In this episode, Sam Ashoo, MD and T.R. Eckler, MD discuss the July 2025 Emergency Medicine Practice article, Emergency Department Management of Status Epilepticus in Pediatric Patients
Introduction
- Welcome and brief overview of the episode
- Promotion of EB Medicine’s $1 for 7-day trial offer
Why Pediatric Status Epilepticus Matters
- Seizures make up ~1% of ED visits and ~3% of EMS calls
- High-risk and high-stakes condition requiring rapid action
- Status epilepticus now defined as ≥5 minutes of seizure activity
- ILAE’s T1 and T2 timelines help define when to treat and when damage begins
Common Causes
- Top contributors:
- Fever/infection
- Structural CNS abnormalities
- Toxic ingestions
- Genetic/metabolic disorders
- Additional factors by age:
- Infants: febrile seizures, chromosomal issues, trauma
- School-age: autoimmune disorders
- Adolescents: eclampsia, hypertension, functional disorders
- Always consider non-accidental trauma
Prehospital Care
- IM midazolam is effective and recommended (RAMPART trial)
- Other options: intranasal, rectal, or IV benzodiazepines
- Early benzodiazepine administration improves outcomes
- Importance of airway support, glucose check, and EMS flexibility
- Parent-administered home meds (e.g. rectal diazepam) can be helpful
ED Evaluation and Initial Management
- Prioritize ABCs: Airway, Breathing, Circulation, Consciousness
- Use end-tidal CO₂ to monitor ventilation if available
- Point-of-care glucose is essential
- Labs: CMP, Mg, Phos, lactate, drug levels, pregnancy test (when indicated)

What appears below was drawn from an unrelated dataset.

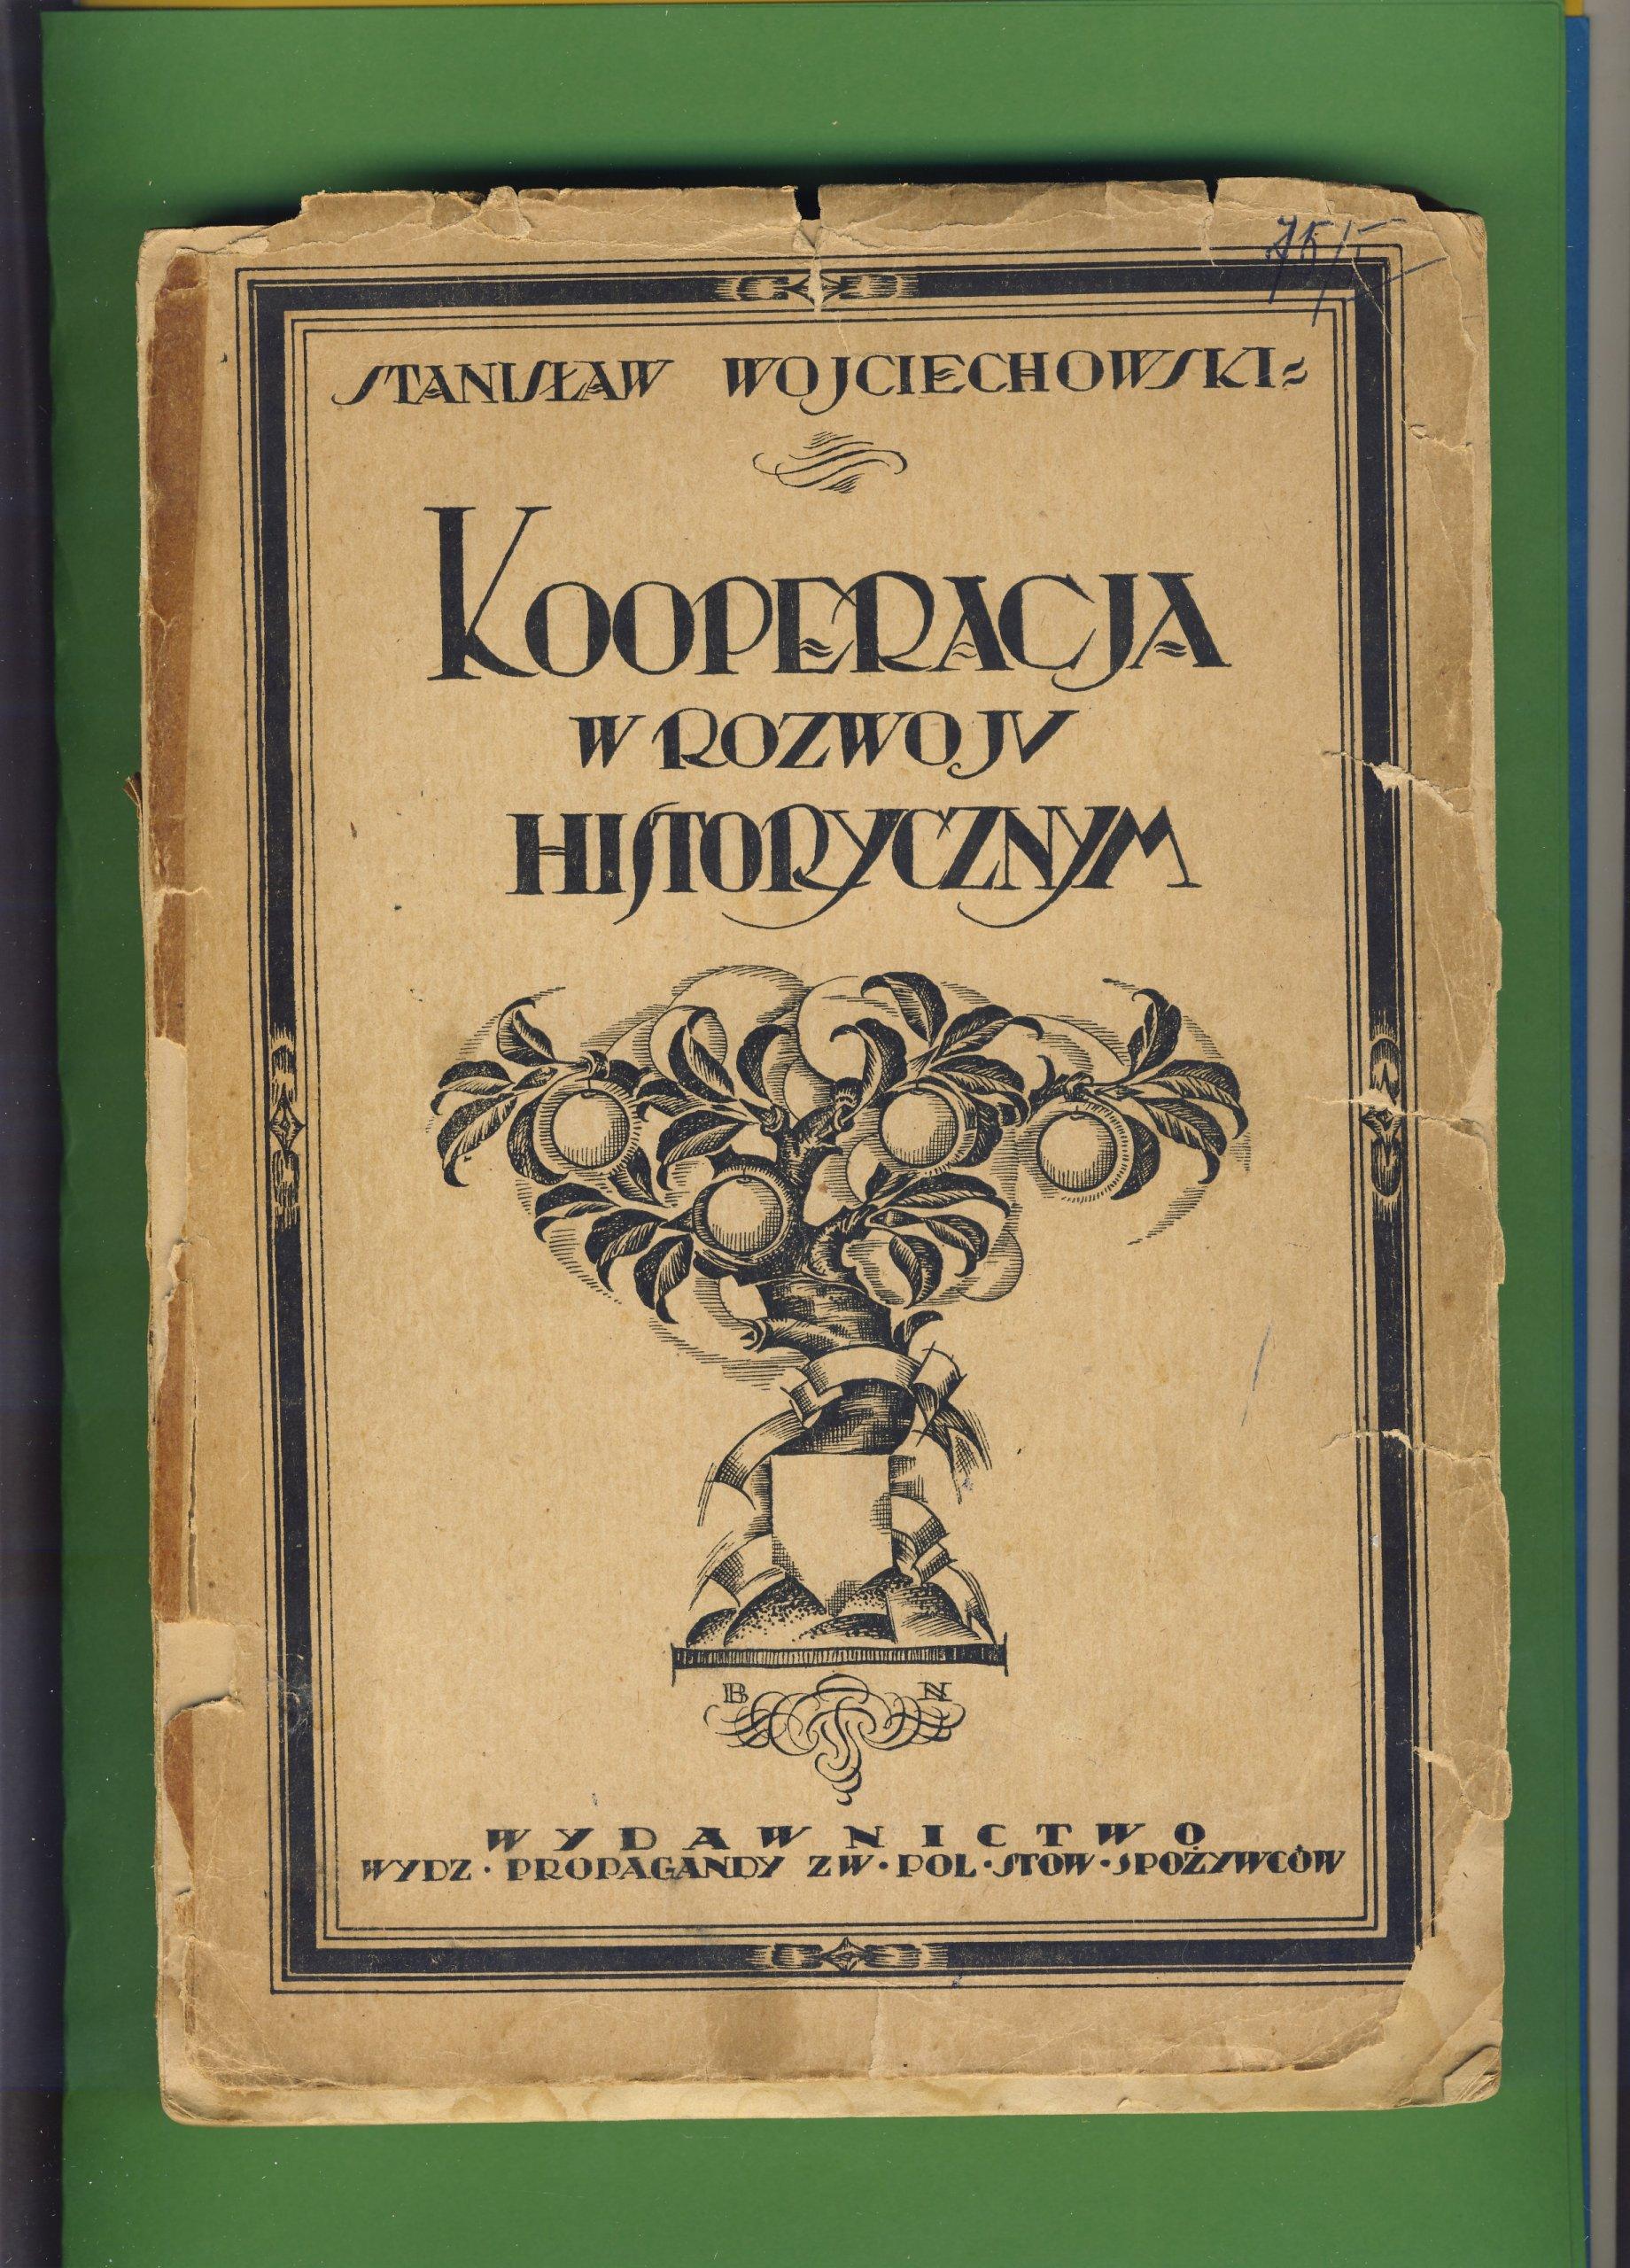 Kooperacja w rozwoju historycznym - Wojciechowski

- Imaging: Head CT if concern for trauma, shunt malfunction, or focal signs
- Case examples highlight pitfalls and diagnostic delays
First-Line Treatment
- Benzodiazepines remain the cornerstone
- Lorazepam preferred IV agent (0.1 mg/kg)

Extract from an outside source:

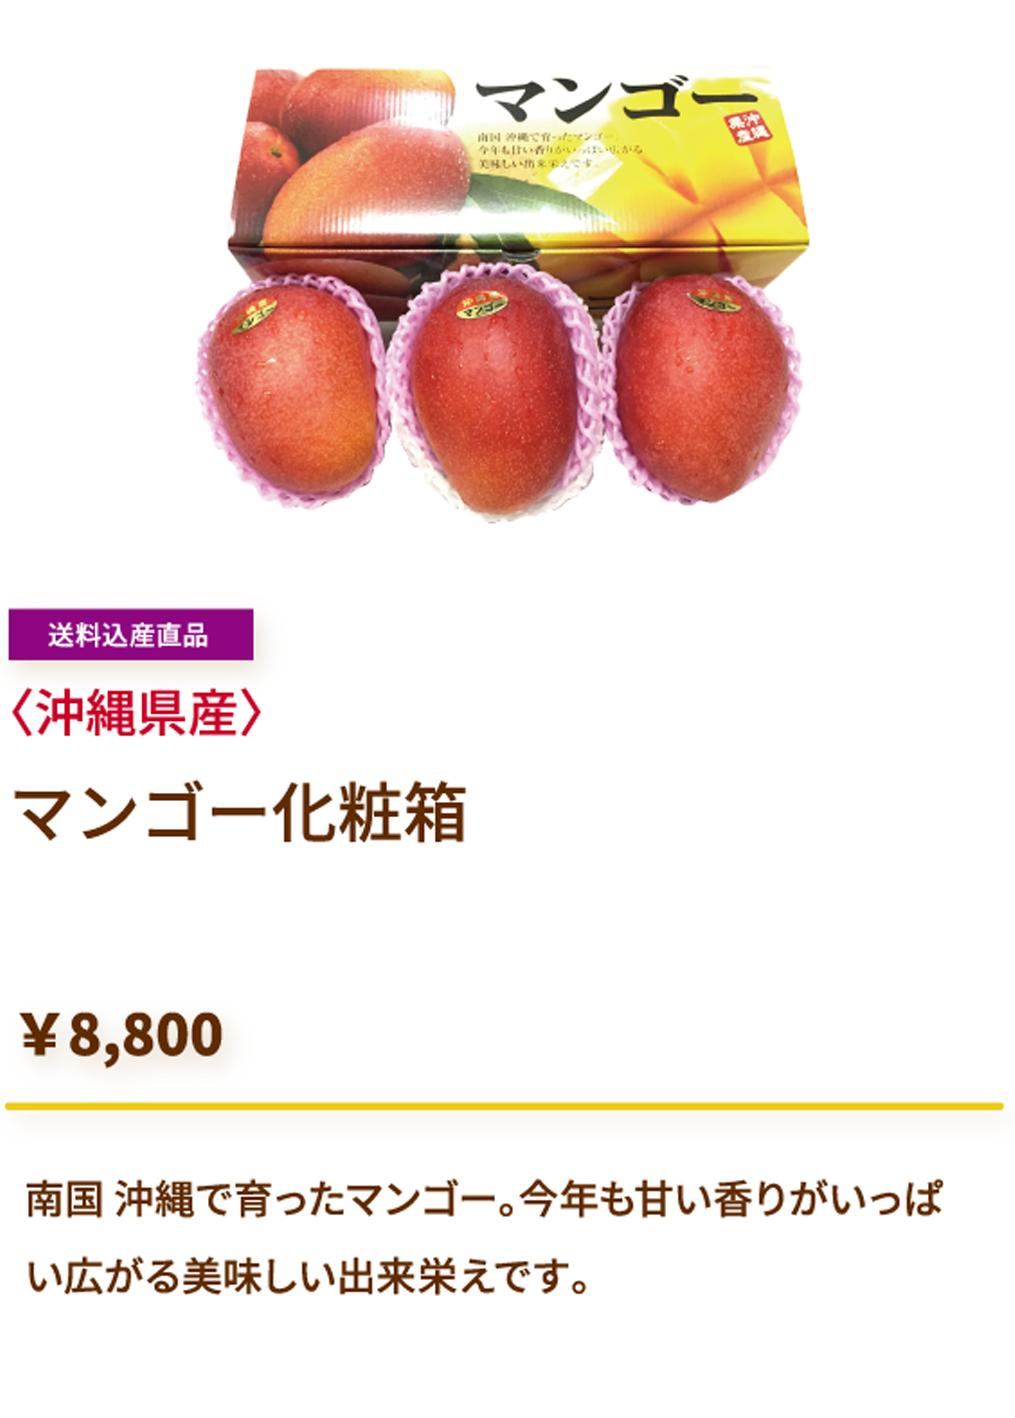 マンゴー化粧箱

- Midazolam preferred if no IV access (IN, IM, or IO)
- Diazepam is also effective, especially rectally
- Be mindful of respiratory depression and the need for airway control
Second- and Third-Line Therapies
- Based on ESETT trial:
- Levetiracetam, fosphenytoin, and valproate have similar efficacy
- Levetiracetam favored for safety and ease of use
- Fosphenytoin may be avoided in trauma or toxicity
- Valproate not recommended in mitochondrial disease
- Phenobarbital reserved for refractory cases only
Refractory Status Epilepticus
- Definition: persistent seizures despite first- and second-line agents
- Requires sedation and likely intubation
- Infusion options:
- Midazolam (preferred for flexibility)
- Propofol (short-term use only due to risk of infusion syndrome)
- Pentobarbital (rare, ICU-level care)
- Need for continuous EEG to assess seizure activity
Special Scenarios
- Neonates:
- Watch for subtle signs (lip smacking, bicycling, tongue thrusting)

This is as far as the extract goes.